Клешнев возразил Жилкину:
— Я с вами не согласен. Но я против романтических иллюзий.
Этнограф покраснел, поправил галстук и заговорил, подняв слегка — как бы в недоумении — широкие мягкие плечи и помахивая левой рукой не в такт своим словам (при этом манжета сползла у него к пальцам):
— Я, конечно, не стану петь: «Боже, царя храни». Я не люблю правоверных националистов, которые...
И он замолк, мигая добродушными глазами в полном недоумении: англичанин вдруг встал, отложив нож и вилку и вытянувшись, как на параде. Неожиданно для всех, но не для самого себя (это был обдуманный поступок), он хриплым, нестерпимым голосом запел английский гимн. Высокий, прямой, с неподвижным, не меняющим выражения лицом, он пел громко и фальшиво, словно желая своим пением заставить всех уважать английского короля. Он не замолк до тех пор, пока не допел гимна до конца. Он был совершенно спокоен и совершенно непреклонен. Потом он сел, взял вилку и ножик и принялся за куру с таким хладнокровием, как будто ничего не случилось.
Этнограф продолжал растерянно мигать глазами, обдумывая: как отнестись к этому странному поступку англичанина? Да и все остальные были сконфужены.
Фома Клешнев обратился к гостю и заговорил по-английски, словно желая попрактиковаться в этом недавно изученном им языке. Никто (в том числе и Борис) ничего не понял из разговора Клешнева и англичанина. Если бы они говорили по-французски или по-немецки, тогда бы поняли почти все. Английского же языка никто не знал. Но все видели, что в лице, интонациях и жестах Фомы Клешнева была та сила убеждения, которая заставила англичанина утратить свой чопорный вид и заговорить с раздражением и злобой в голосе.

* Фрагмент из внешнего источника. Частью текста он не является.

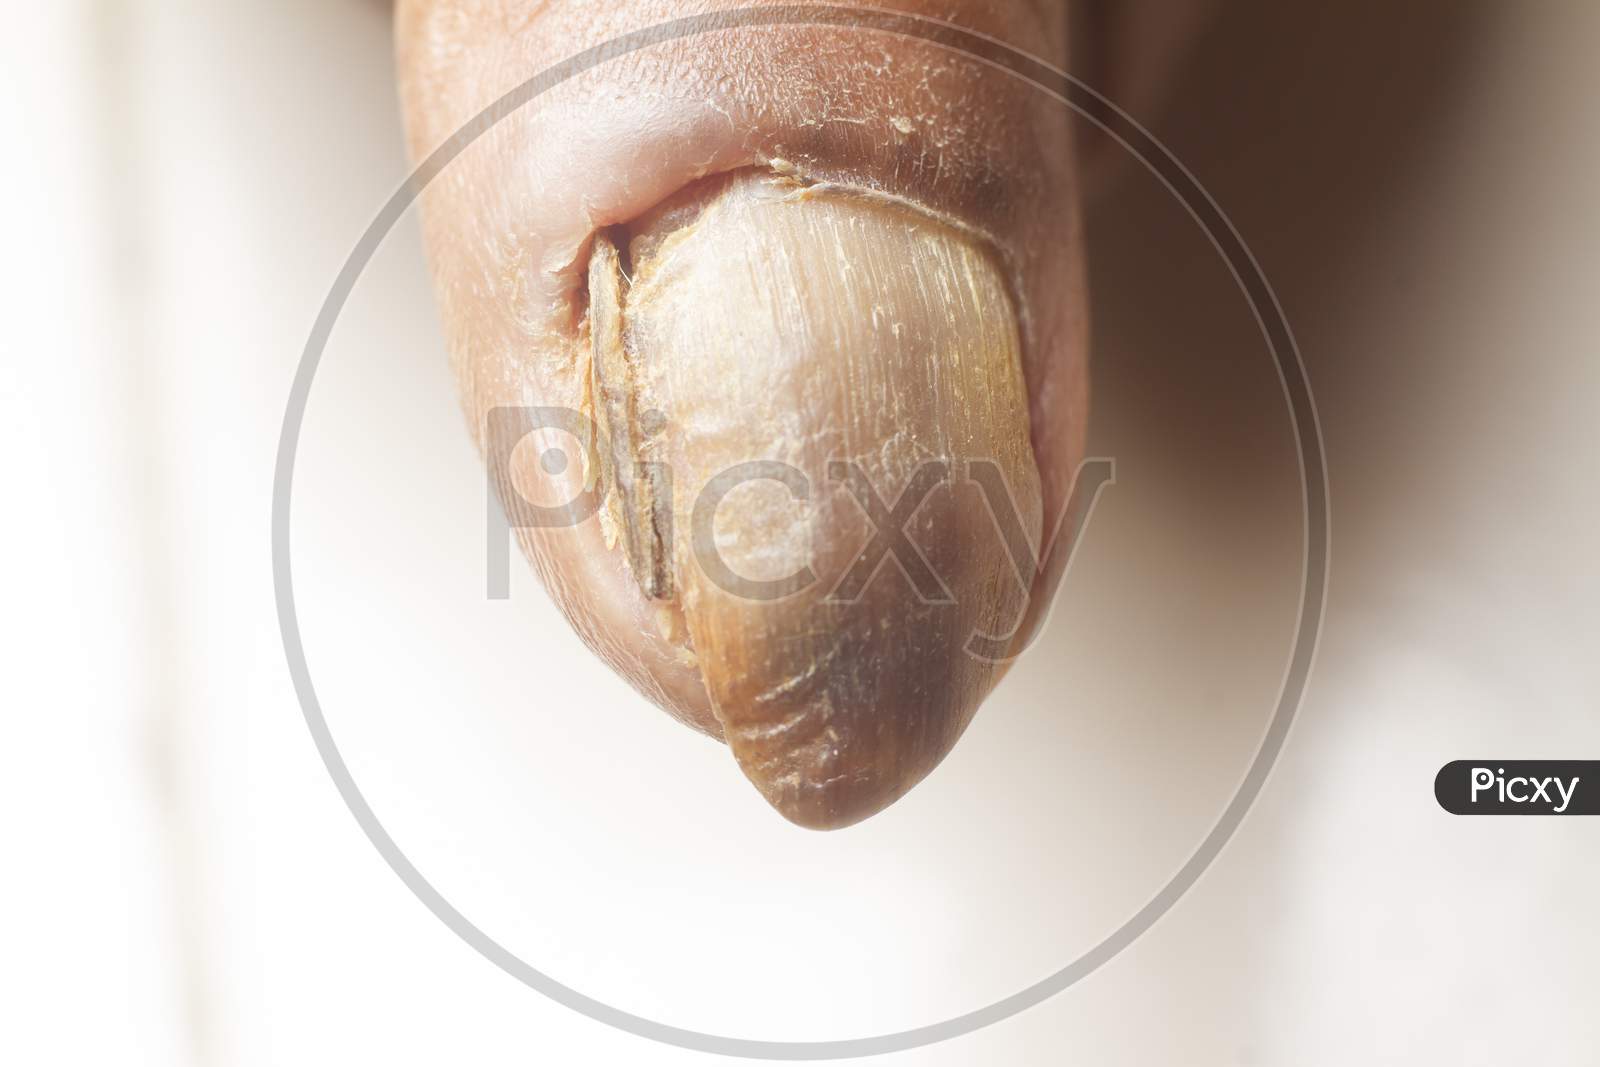 Close Nail Fungus Infection On Thumb Stock Footage Video (100%  Royalty-free) 1019445556 | Shutterstock

Вскоре после обеда англичанин ушел. Этнограф пошел провожать его в прихожую.
Надев шубу и цилиндр, английский журналист взял трость и сказал:
— Мистер Клешнев — опасный человек. С такими людьми надо бороться.

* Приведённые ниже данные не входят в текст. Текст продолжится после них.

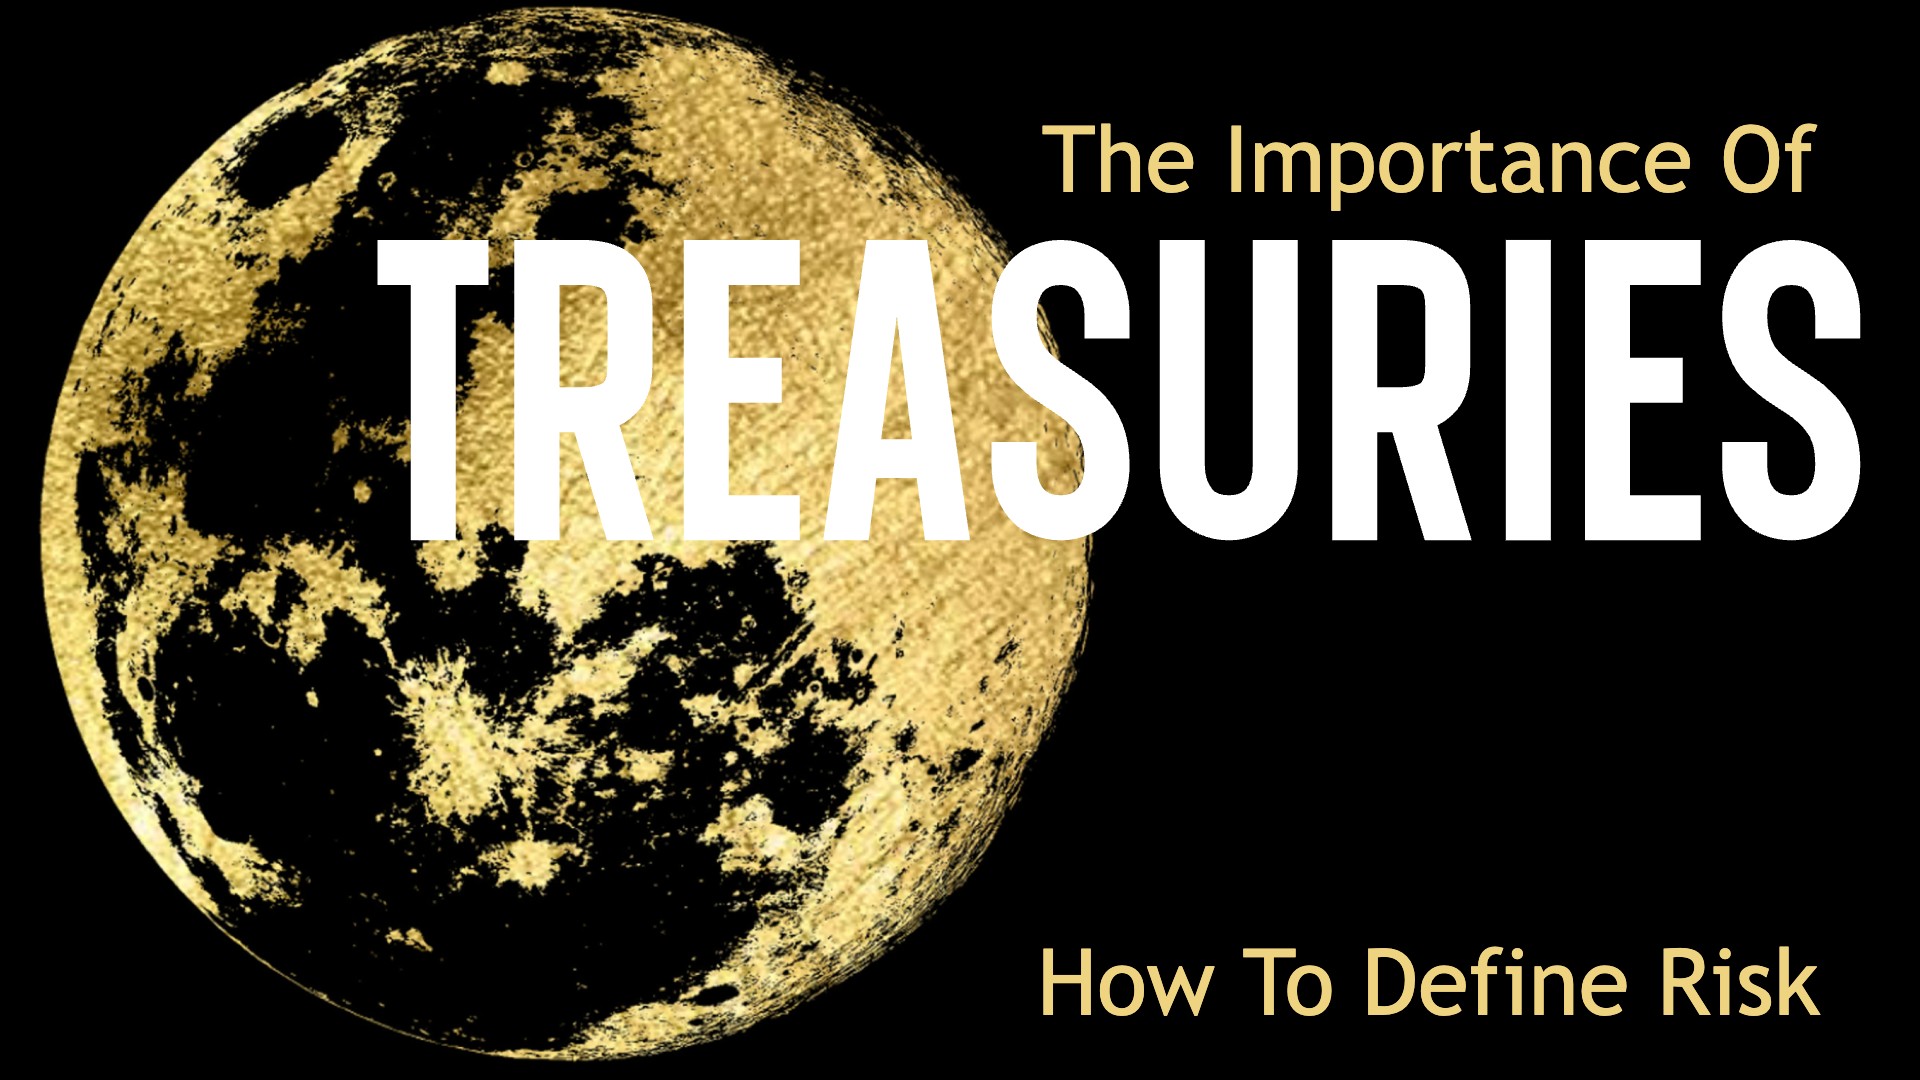 The Importance of Treasuries: How to Define Risk

Этнограф, взволнованный событиями, продолжал спор и в кабинете, куда все пришли после обеда.
Он настаивал на осторожности и постепенности. Вправляя непослушную, выскакивающую из рукава манжету, он говорил:
— Ведь кто пойдет за вами? Вас — кучка людей, но ваши мысли и чувства, теоретически совершенно, может быть, и правильные, идут в стороне от общей жизни. Что можно предпринять во время войны? Ведь вам известна позиция Плеханова. А к Плеханову прислушиваются. Вполне понятно: Плеханова знает вся интеллигенция. Его и Боря, наверное, знает. Да, Боря?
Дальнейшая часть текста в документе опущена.